Впрочем, возвращение домой искупало всё: и тяжёлую корзину, и уставшие ноги, и воркотню водителя по поводу короткой и дешёвой поездки. От горячей ванны исходил пахнущий хвоей, мятой и зверобоем пар, чашка чая на табуретке рядом явственно отдавала келимасом и мёдом. Софья забралась в воду и замерла от счастья.
После обеда они с Максом сели в четыре руки сортировать травы. Домовой был на подхвате — накрывал плоские коробки плотной коричневой бумагой с проколотыми дырочками, развешивал пучки того, что должно было сохнуть, шевелил губами, считая капли масла, падающие во флаконы. Часам к пяти вечера он взмолился:
— Софья Григорьевна, матушка, праздник сегодня, вы б хоть до площади прогулялись! И мальчику не вредно ноги размять!
— Ну, ноги-то мы сегодня размяли… — усмехнулась она, распрямляясь. — Макс, хочешь прогуляться?
Тот наморщил нос, и Софью кольнуло чувство вины: она увезла сына от друзей и знакомых, от того круга общения, который вольно или невольно создаёт каждый из нас.
— Знаешь, мам, а пойдём! Только ненадолго, я завтра хочу в университет съездить, узнать, что там и как.
— И в училище, — кивнула она.
— Нет, — твёрдо ответил парень. — Извини, мам, но к друидам я не пойду. Университет, биофак, кафедра молекулярной физиологии.
— А если не поступишь?
Макс пожал плечами:
— Не поступлю в этом году — попробую в будущем. В моём распоряжении всё время этого мира.
Веселье на Сухаревской площади достигло пика, но ещё не пошло вразнос. Впрочем, в толпе то тут, то там виднелись фигуры в форме городской стражи — высокие, подтянутые, одним своим присутствием гасившие споры. Софья не удержалась и купила себе и сыну по бублику. Макс пострелял из лука в тире, подарил выигранного плюшевого медведя незнакомой девочке, потом замер возле готовящегося к подъему шара.
— Ма-ам?
— Что?
— А давай, а?
— Не боишься?
— Да ну, чего бояться-то. Зато город с высоты увидим…
— Ну ладно, если места ещё есть…
Места были. Через пять минут они уже заняли свои места в корзине, и служитель в форме махнул рукой остающимся за бортом, давая команду отдать якоря.
— Интересно, — спросила сидящая рядом с Софьей женщина, — как его называть? Водитель шара?
— Шаровод, — предположила её дочь, хорошенькая брюнетка лет семнадцати.
— Воздухоплаватель, — сказал Макс. — Ого, глядите, уже башни Кремля видно!
Им показали с высоты самые примечательные улицы и строения, гладь реки нестерпимо сверкала в солнечных лучах, зелень садов и парков была ещё лёгкой и прозрачной, яркой, совсем не запылившейся.
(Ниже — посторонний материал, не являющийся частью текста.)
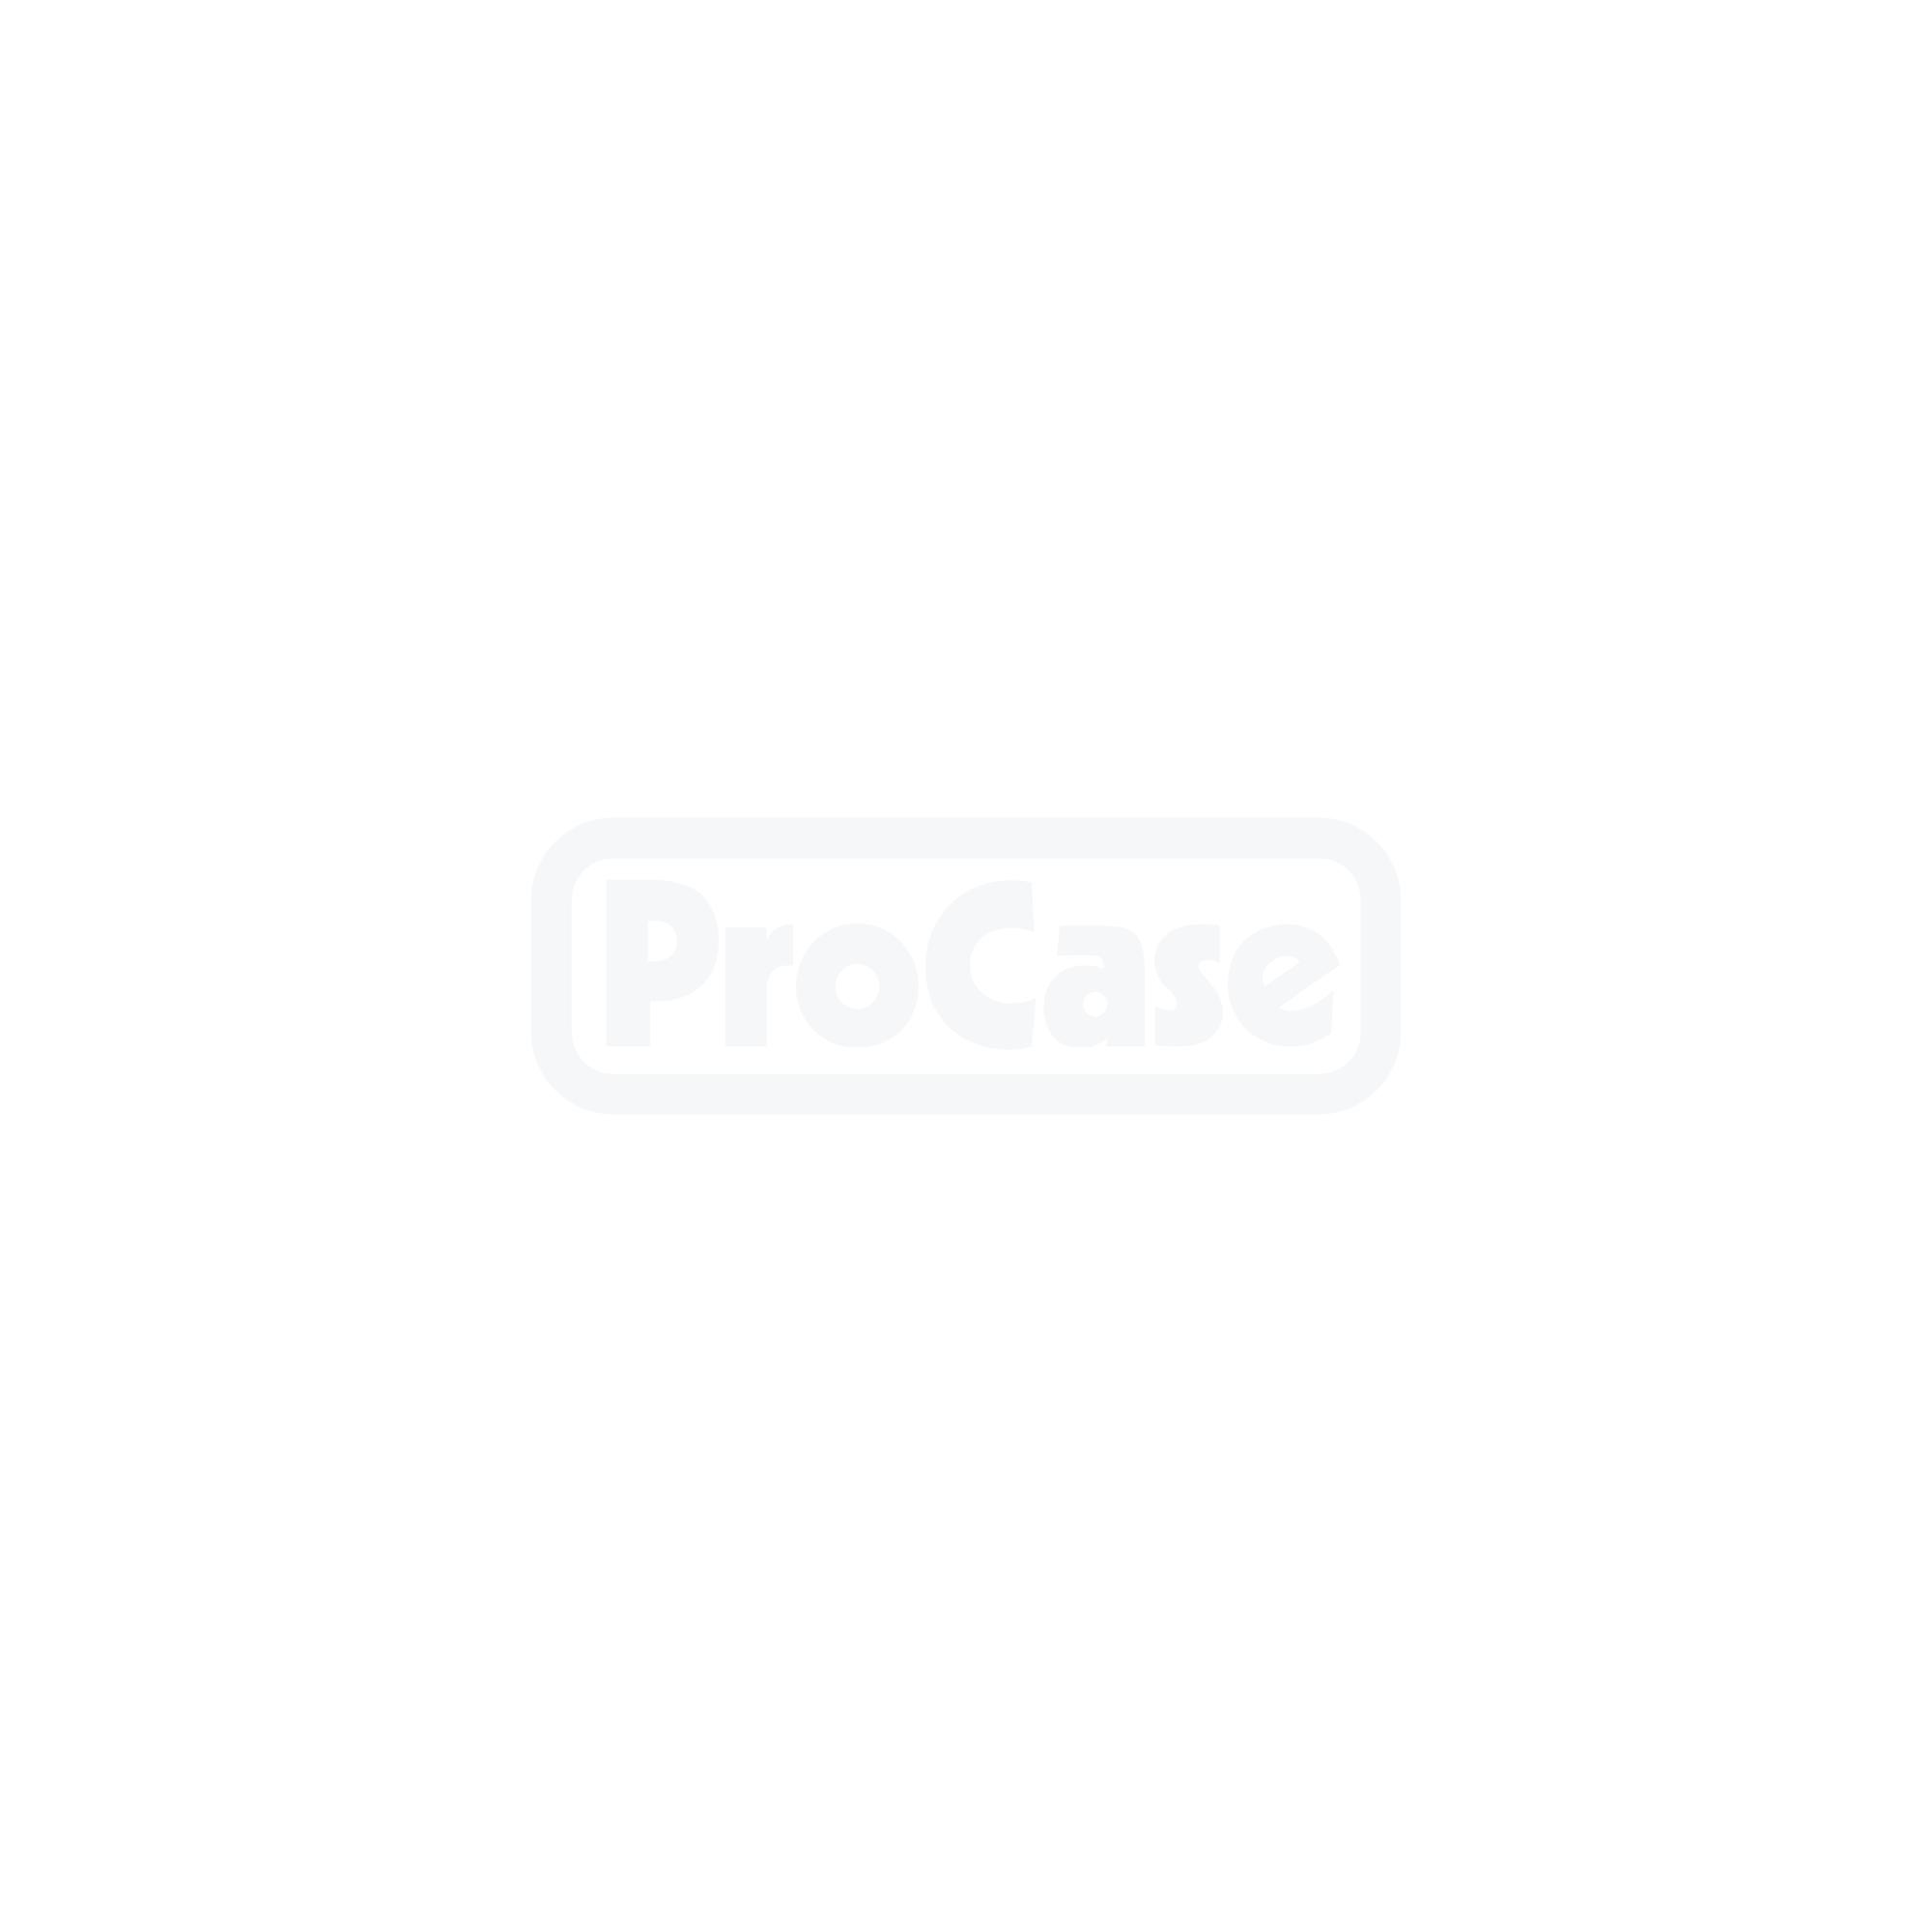 Transportkoffer für Brähler DIGIMIC 3
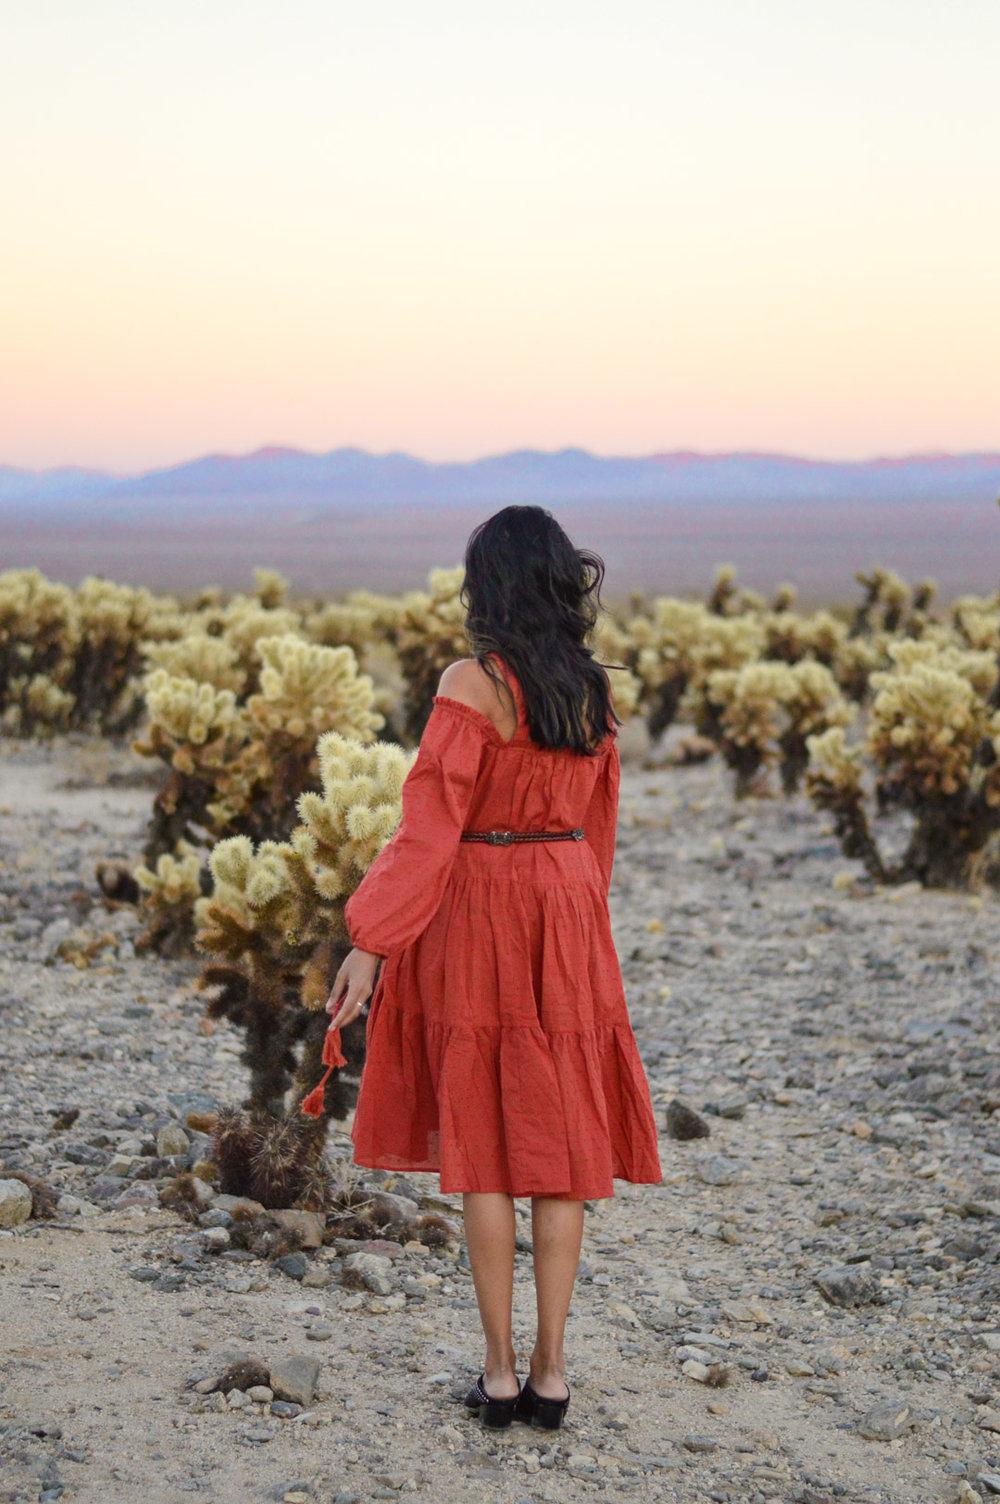 cholla-cactus-garden-joshua-tree-travel-itinerary-fashion-blogger-boho-style 9

Экипажи внизу казались спичечными коробочками, а люди — бегущими куда-то по своим делам жуками.
Когда через сорок минут шар опустился на своё место возле Сухаревой башни, неожиданно сложившаяся компания отправилась в кафе пить чай с пирогами, а потом и договорилась о встрече в выходные, чтобы посетить открытие выставки в музее изящных искусств…
Открыв входную дверь, Алексей привычно потянулся к дому, чтобы проверить, прощупать, всё ли в порядке. Дом молчал, будто спал.
— Аркадий! — позвал он, но отклика не получил.
Повернувшись к Суржикову, чтобы поделиться удивлением, он не обнаружил и его. За спиной была лишь захлопнувшаяся дверь в переулок. Неожиданно ледяная рука сдавила сердце, детективу показалось, что проход этот никогда больше не откроется, не зажжётся свет на лестнице и в комнатах, и вечность он должен будет провести вот так, в темноте и неведении. За что, за какие грехи — бог весть…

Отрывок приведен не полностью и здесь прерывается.